Он был сыном учительницы английского языка и инженера - оба из Приморья, люди вполне советские и никогда не стремившиеся к особым деньгам. Сам Петенька пошел учиться на истфак, но на втором курсе по совету и примеру друга забрал документы. "Времена не те,- убеждал его друг.- Ты готов мыкаться в нищете всю жизнь? И детям врать придется еще почище, чем литераторы врут, с каждой переменой идеологии. А перемен теперь будет не счесть"... Он свел Петеньку с знакомыми парнями из некой фирмы, и тот, к ужасу родителей, начал работать у них бесплатно, за процент с будущих прибылей... Словом, знакомая история. Многих она, конечно, вывела "в люди"; но Петенька был особый случай. Ему казалось, что стать бизнесменом - то же, что сменить один факультет на другой. Он наивно полагал, что этому можно выучиться по книжкам, нужно только побольше послушания и исполнительности. Пионеры всей страны курсу доллара верны; если бы отечественный бизнес нуждался в речевках, символике и атрибутике, то я знаю, кто бы его всем этим обогатил... А лет через пять, думал Петенька, когда всё в стране утихомирится и "новые русские" утолят первый голод, мы потихоньку станем догонять Запад, вернувшись к человеческим нравам и обычаям. Не пил. Не курил. Продолжал много читать и ходить на выставки. И никак не мог понять, чем он так раздражает свое начальство. Надо бы сменить фирму, найти более приличных шефов, чем эти волки, которые вдобавок почти совсем не платят...

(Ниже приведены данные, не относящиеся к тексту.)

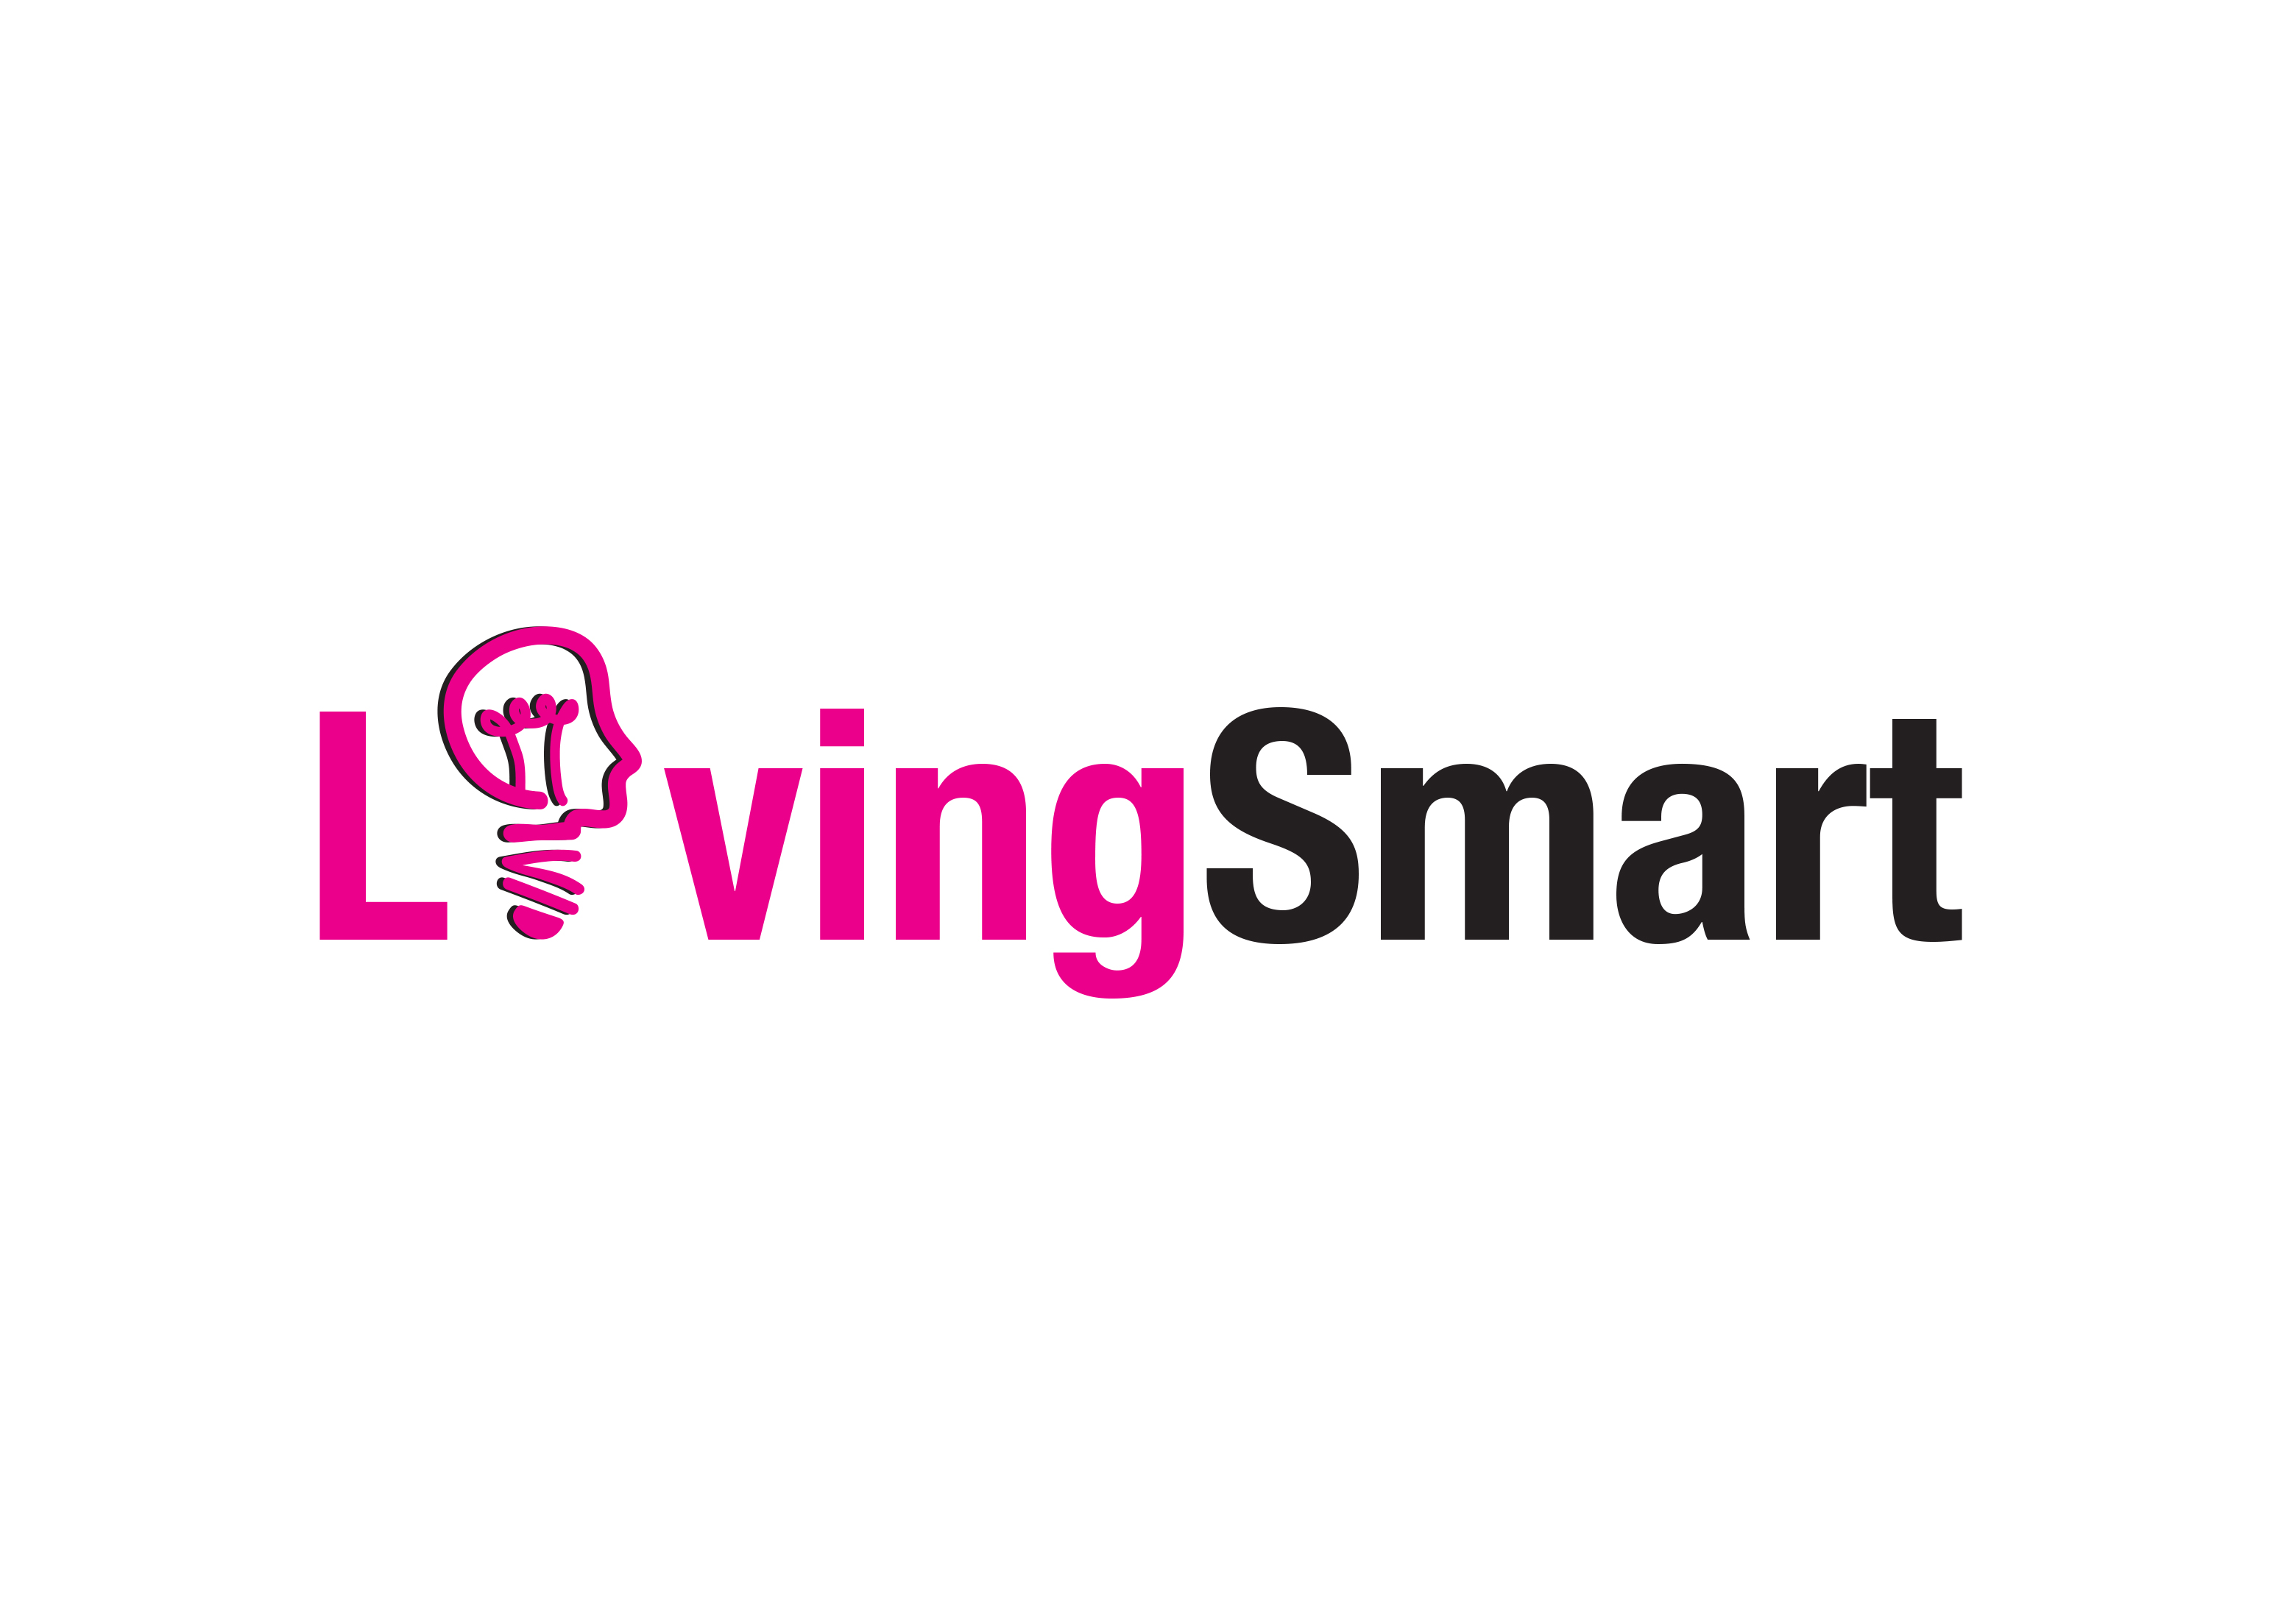 living-smart-logo Desgin

Шефы чудом не успели помочь ему в благом порыве. Над миром вспыхнула муха Тренча, фирма же в числе другого-прочего занималась сувенирными насекомыми и была предприимчивой перекупщицей. (А кем еще-то? Отечественных питомников нетути!) Надо было ехать в Мельбурн к мировым производителям, но один соучредитель, порезанный в "разборке", лежал на тайной квартире, другой, по его выражению, "душился" с налоговой и дал подписку о невыезде. Прочая пьянь могла продать их обоих: конкуренты не дремали, также подбираясь к австралийцам. Позвали Петеньку и, кривясь, велели брать билет.
- Давай, заслоняй амбразуру,- сказал шеф.- А что? Может, тебе-то и повезет... Угощать будут - много не пей. Хотя... тут, пожалуй, можно не беспокоиться.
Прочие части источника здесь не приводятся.